As requested, here are the parameters and inputs you should use to align the contig sequences against the SL4 and SL5 genome sequences.
- You need "target" genome sequence files in ".2bit" format. Please use these files as the target sequences:
SL5 genome assembly, in blat-friendly ".2bit" format: http://lorainelab-quickload.scidas.org/quickload/S_lycopersicum_Jun_2022/S_lycopersicum_Jun_2022.2bit
SL4 genome assembly, in blat-friend ".2bit" format: http://lorainelab-quickload.scidas.org/quickload/S_lycopersicum_Sep_2019/S_lycopersicum_Sep_2019.2bit
- The output format you should use for blat is "pslx". This will ensure that the aligned sequence gets included in the output. If we do that, IGB will be able to display the sequence and we can more easily check that the results are good. To specify this output format, use this option: -out=pslx
- Please run blat using the option that does not include a header. That option is: -noHead
- Do not use the default maximum intron size. It is too big. Use 13,000 bases. That option is: -maxIntron=13000
For more information about running blat, see this link: https://genome.ucsc.edu/goldenPath/help/blatSpec.html
Last but not least, I recommend that you run blat in parallel. If you do that, make sure that you keep track of which sequence came from which collection of assembled contigs. Otherwise, it will be super hard to sanity-check the results. For example, what I would like to do is open up the blat alignments for a set of transcript contigs where I know exactly which RNA-Seq reads were used to make them.

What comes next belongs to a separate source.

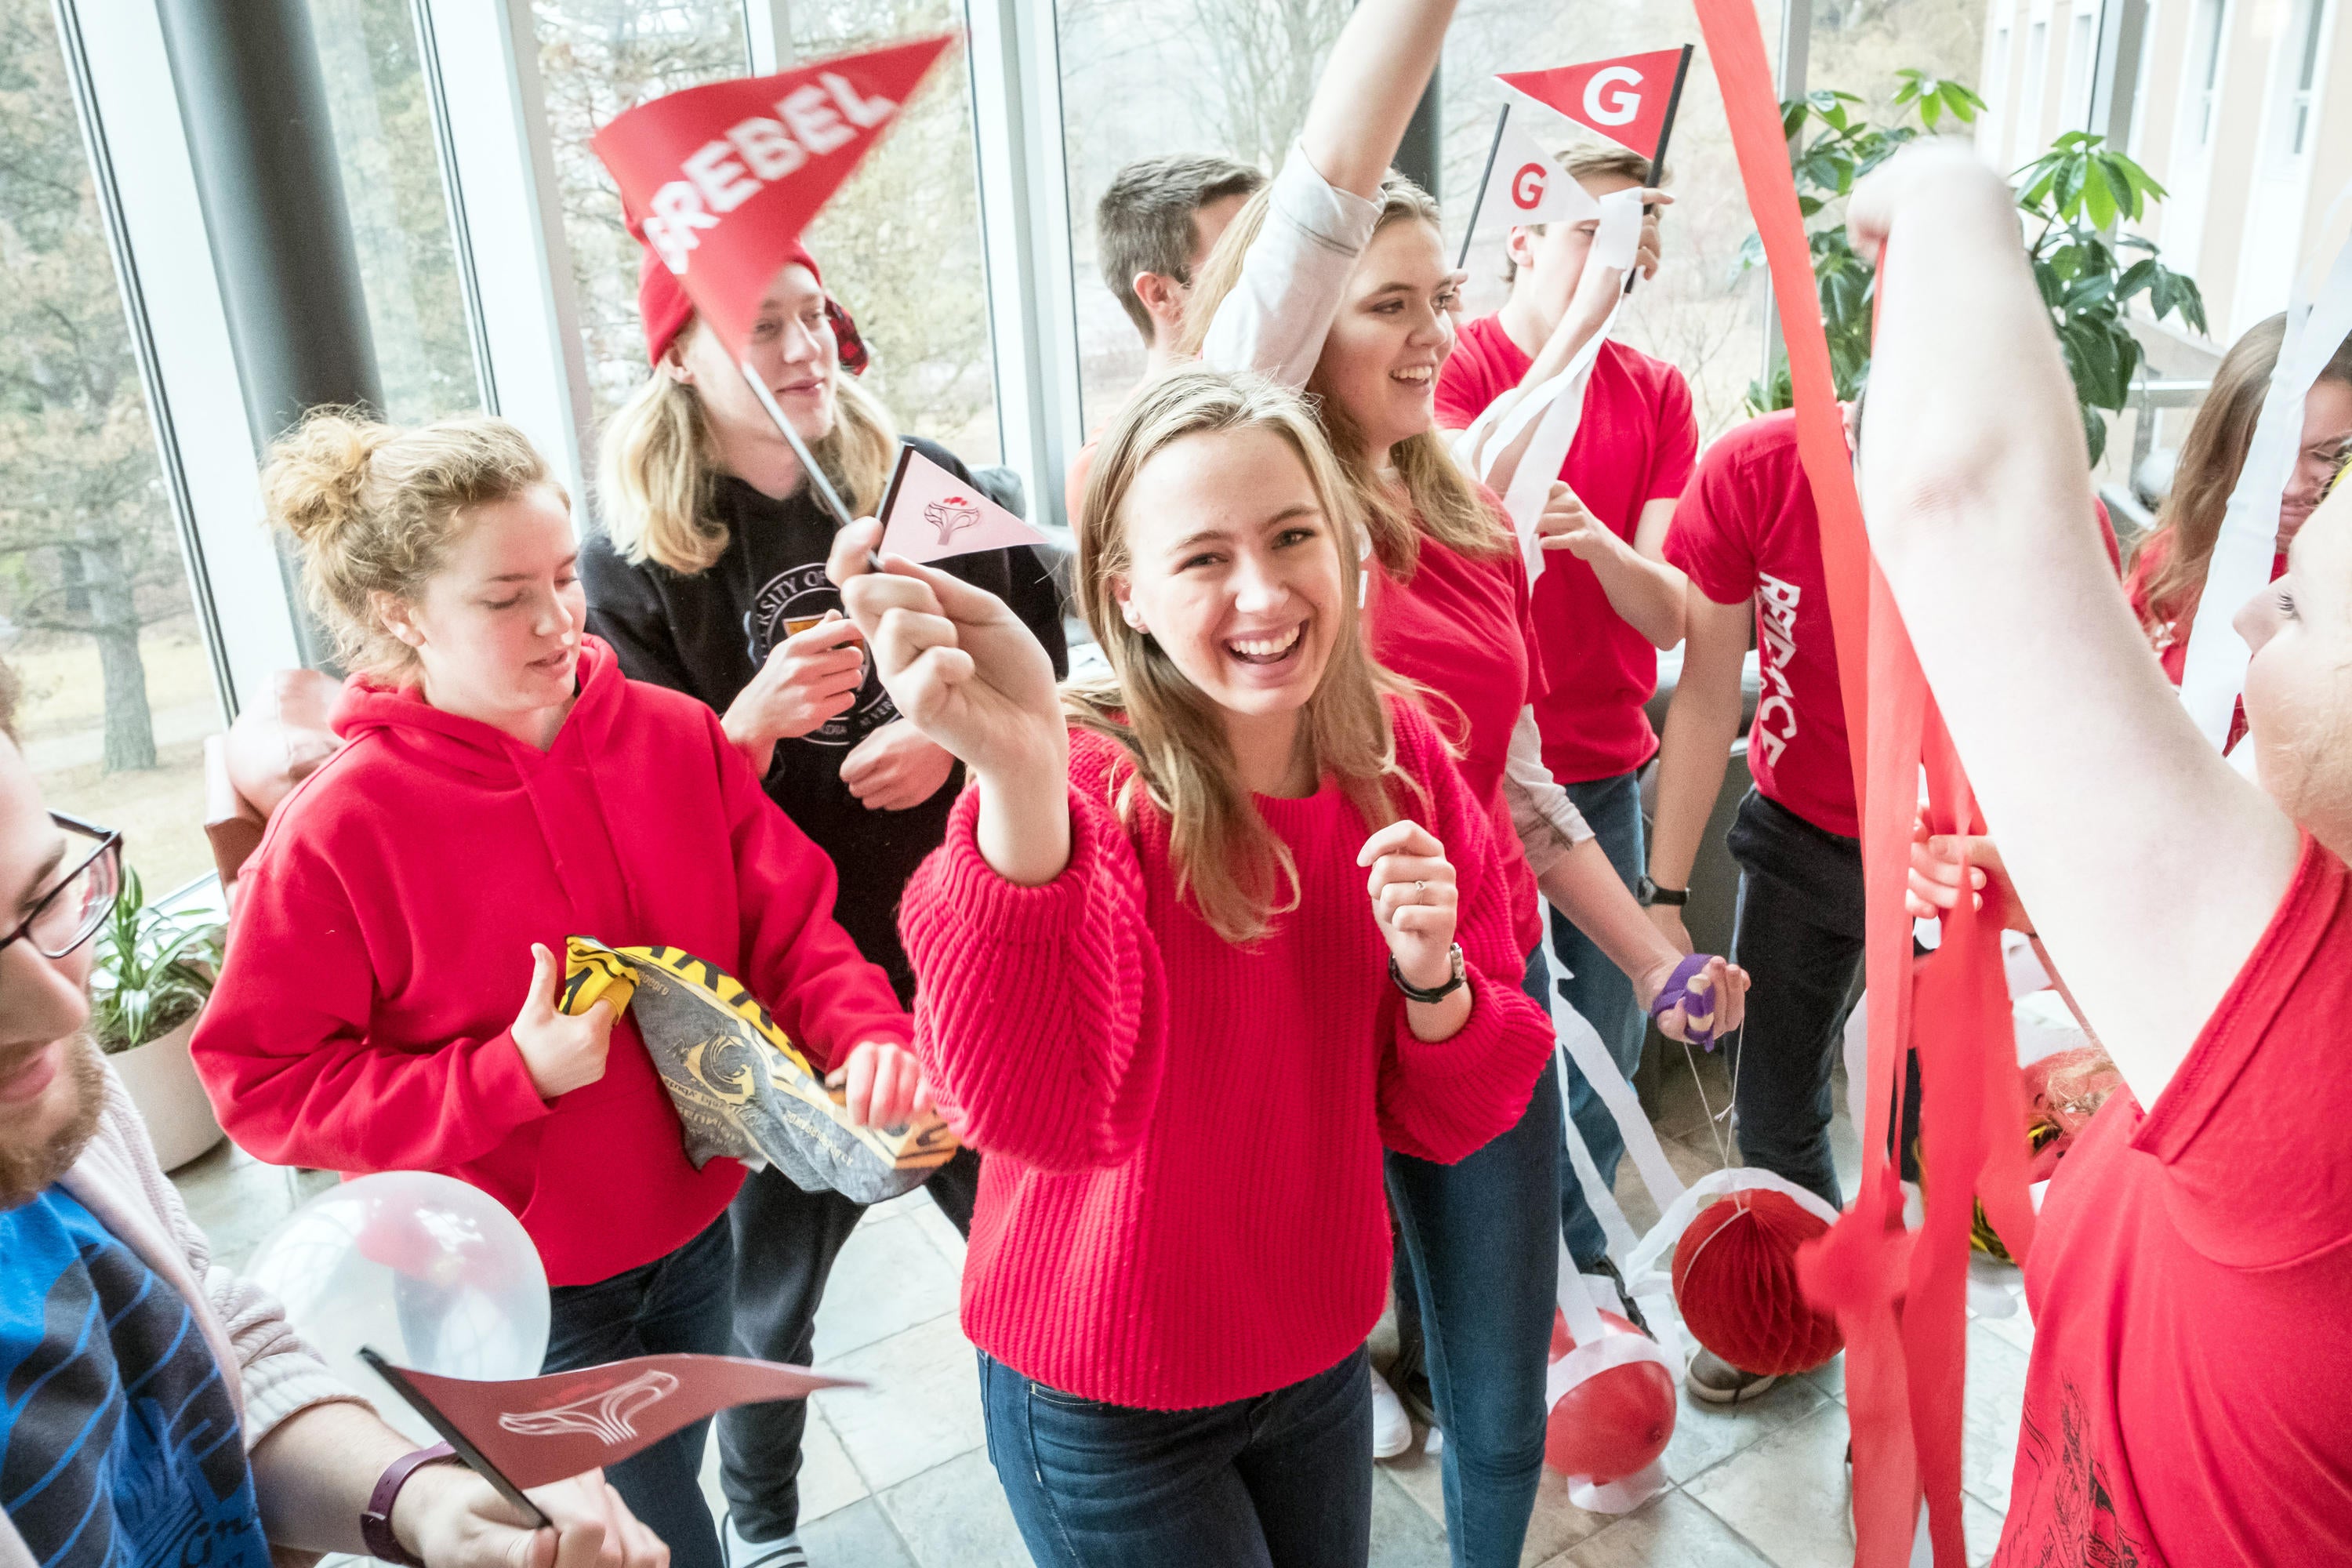 Grebel Students all waring red. Dancing and having fun while showing Grebel pride! 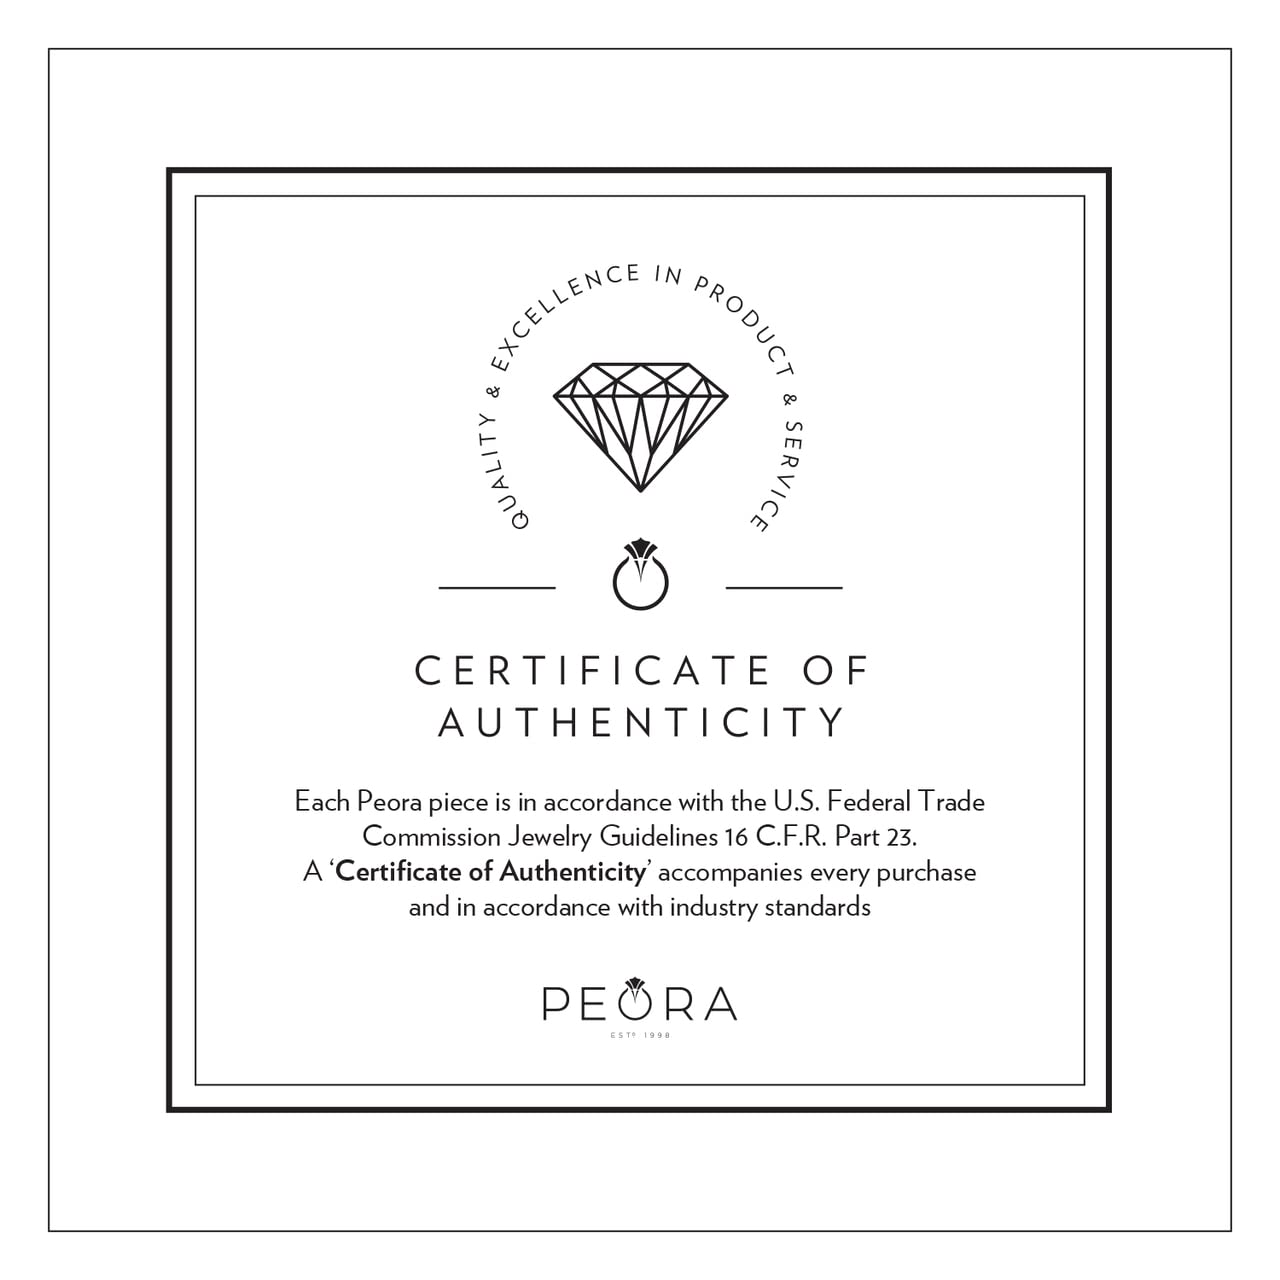 PEORA Men's Simulated Emerald Modern Signet Ring 925 Sterling Silver, 5.50 Carats Octagon Shape 11x9mm, Sizes 8 to 10

Then, I can easily use the Genome Browser to compare the genome alignments for the input RNA-Seq reads to the alignments of their assembled contigs. If we do this, we can easily get an idea for how the trinity assembly software performs when there are lots of reads or not so many reads in a given region. It will make more sense when I can show you what I mean in IGB
Please note I am moving this to the next sprint since it seems unlikely we will get around to doing further work on this during the current sprint, which ends tomorrow.